We Interrupt This Broadcast
- Author: Joe Garner
- Language: English
- Publisher: Sourcebooks
- Publication date: October 1998 (first edition)
- Publication place: United States
- ISBN: 1-57071-328-6
- OCLC: 38916595

= We Interrupt This Broadcast =

1998 book by Joe Garner

We Interrupt This Broadcast is the title of a non-fiction book from 1998. It was written by Joe Garner; the foreword was written by the veteran American newscaster Walter Cronkite. In addition to many descriptions and pictures of notable news events from the 20th century, compact discs containing audio news clips from the events described in the book are also included. The audio portions are narrated by Bill Kurtis.

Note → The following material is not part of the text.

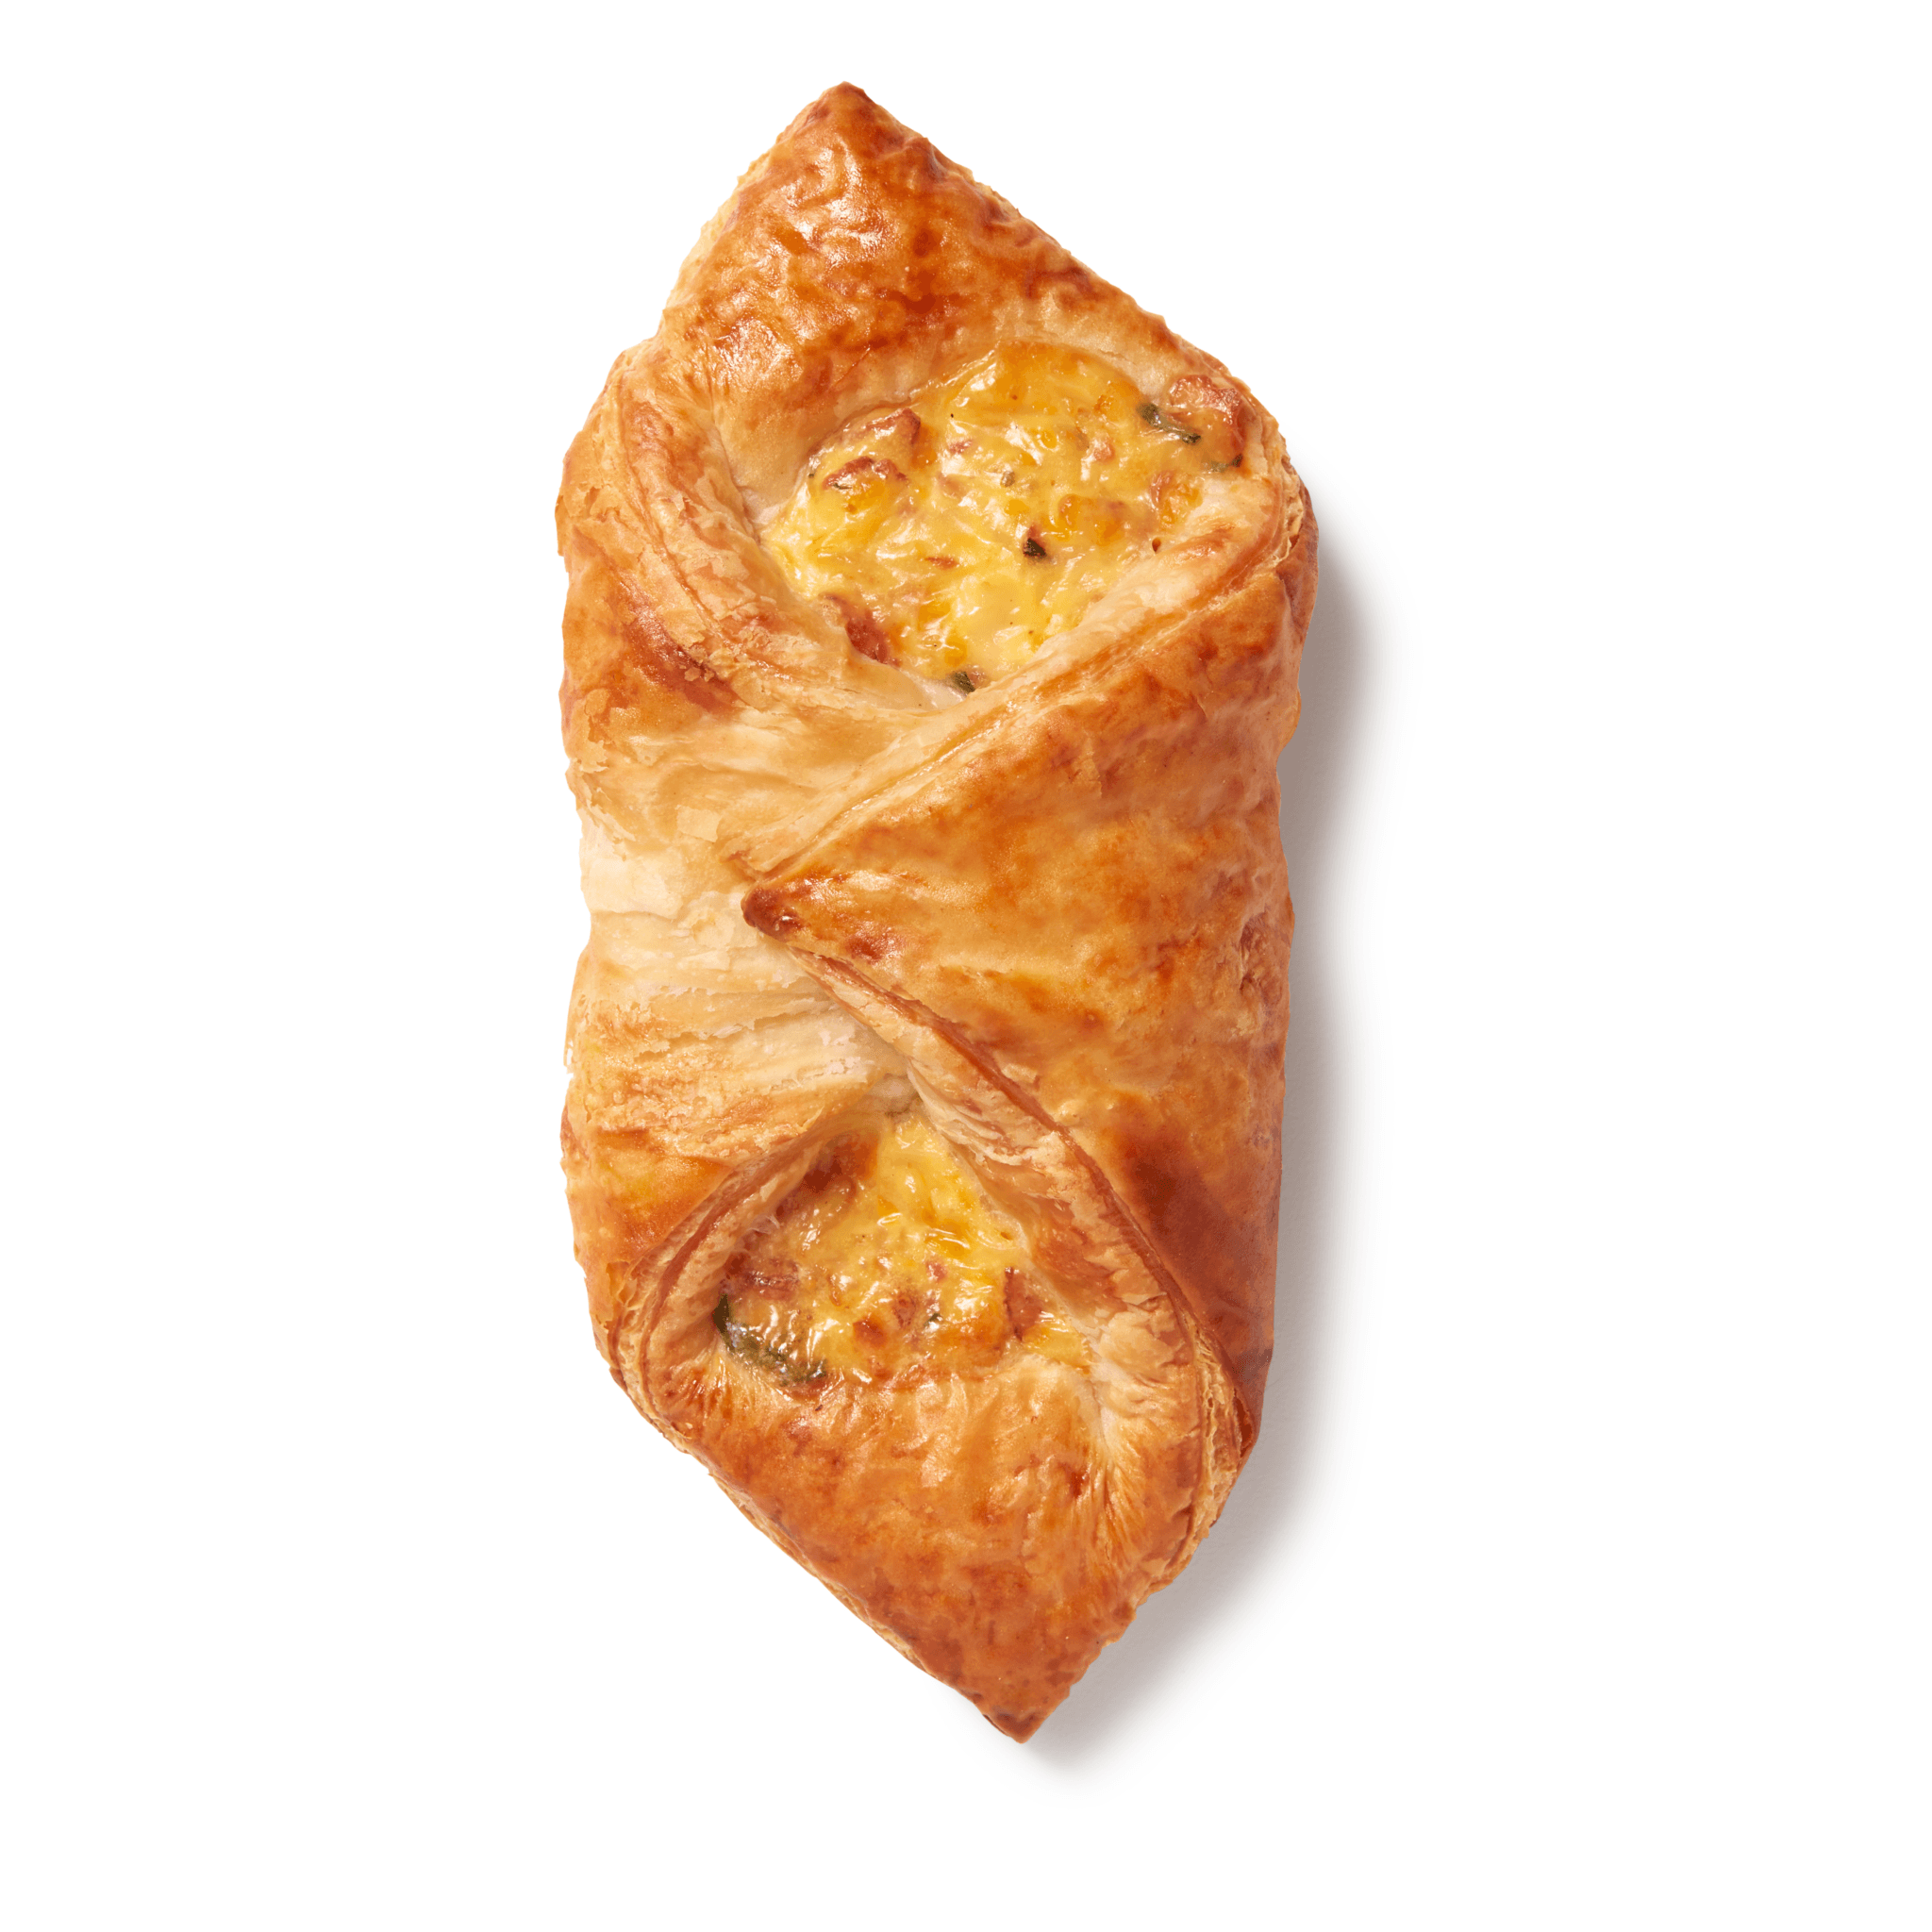 RBECL 45 bacon and egg croissant top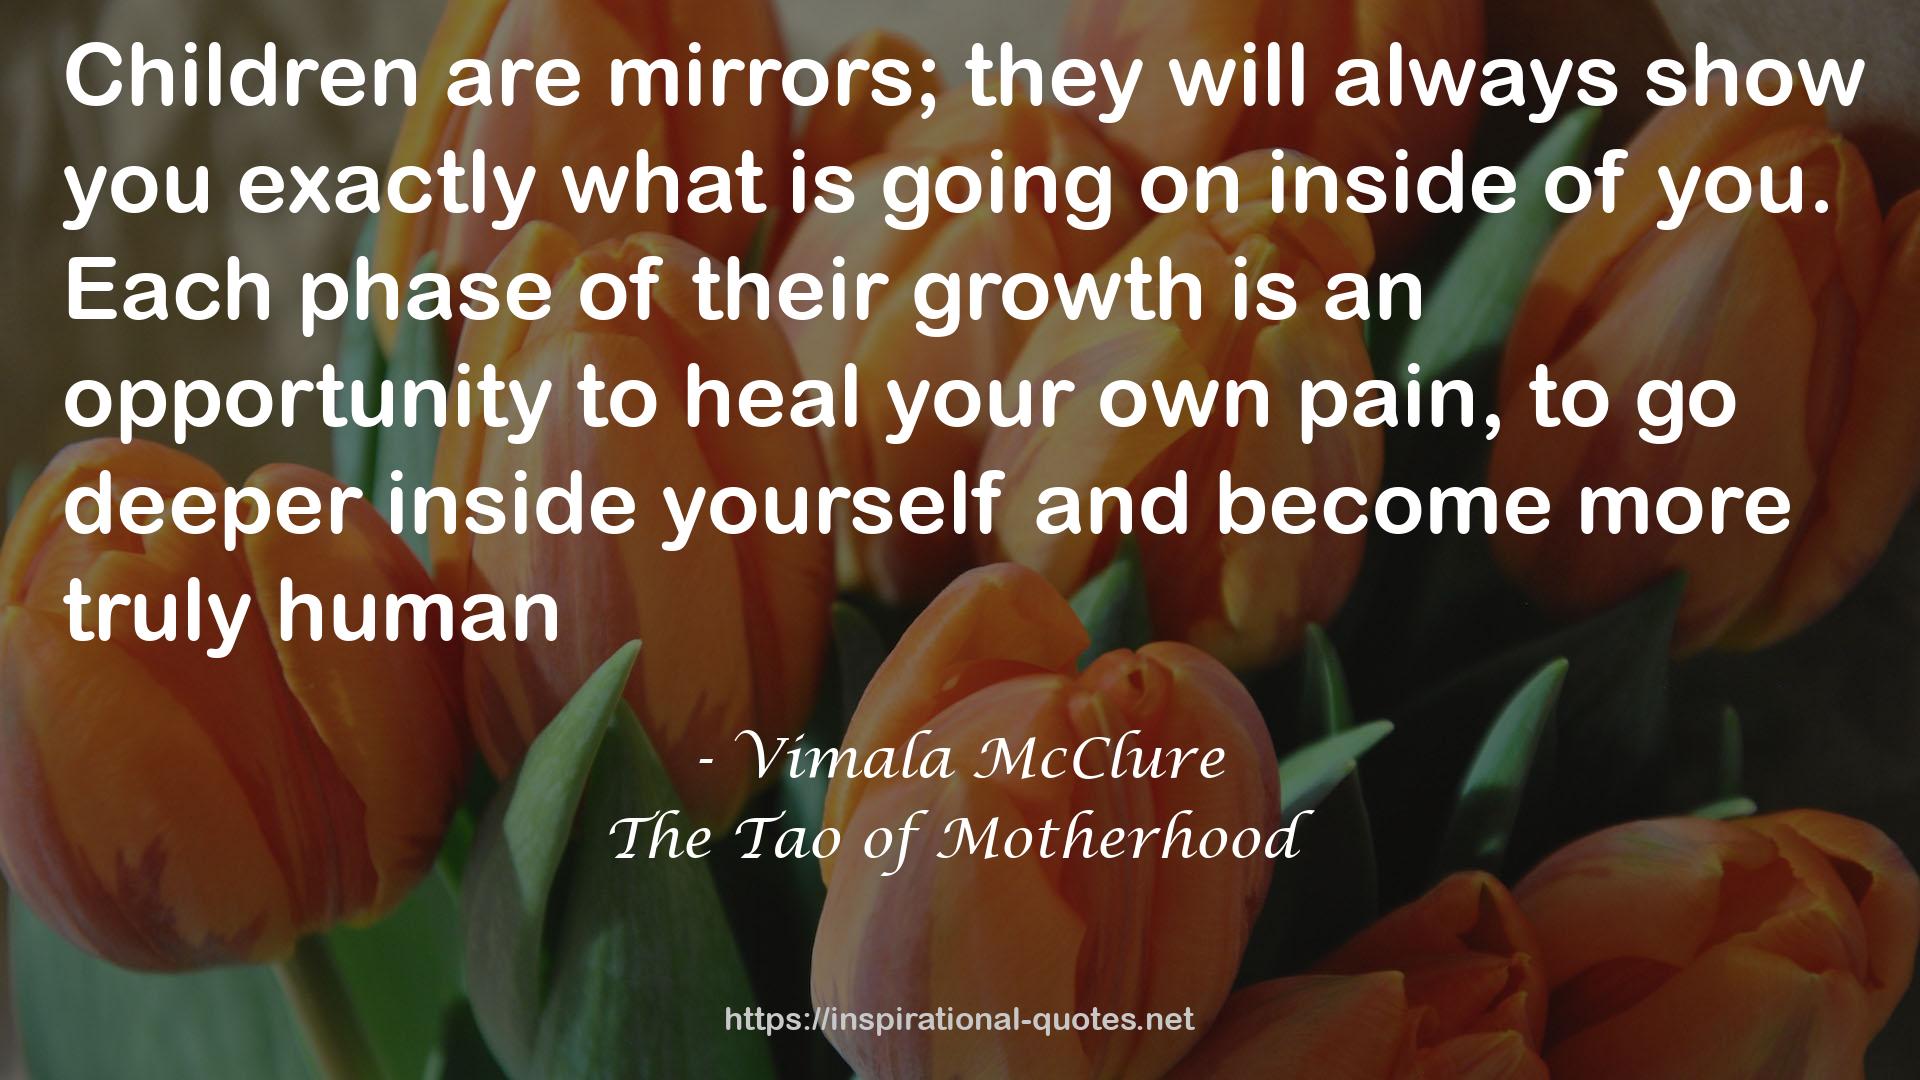 The Tao of Motherhood QUOTES

The phrase "we interrupt this broadcast" has been used frequently by radio and television networks when breaking into a program in progress to deliver important news or information. The description on the book jacket states: "Wherever we may happen to be, our lives stop for a moment, and we experience those few seconds of anxiety between the interruption and the actual announcement of what has happened."

==Editions==
The first edition of We Interrupt This Broadcast was published in October 1998. A second edition was published in May 2000, and a third edition came out in May 2002. Both of these editions were revised to include more recent events, and both included two CDs. A fourth "10th Anniversary Edition" was published in October 2008, and in addition to summarizing more recent events, this edition contains three CDs instead of two.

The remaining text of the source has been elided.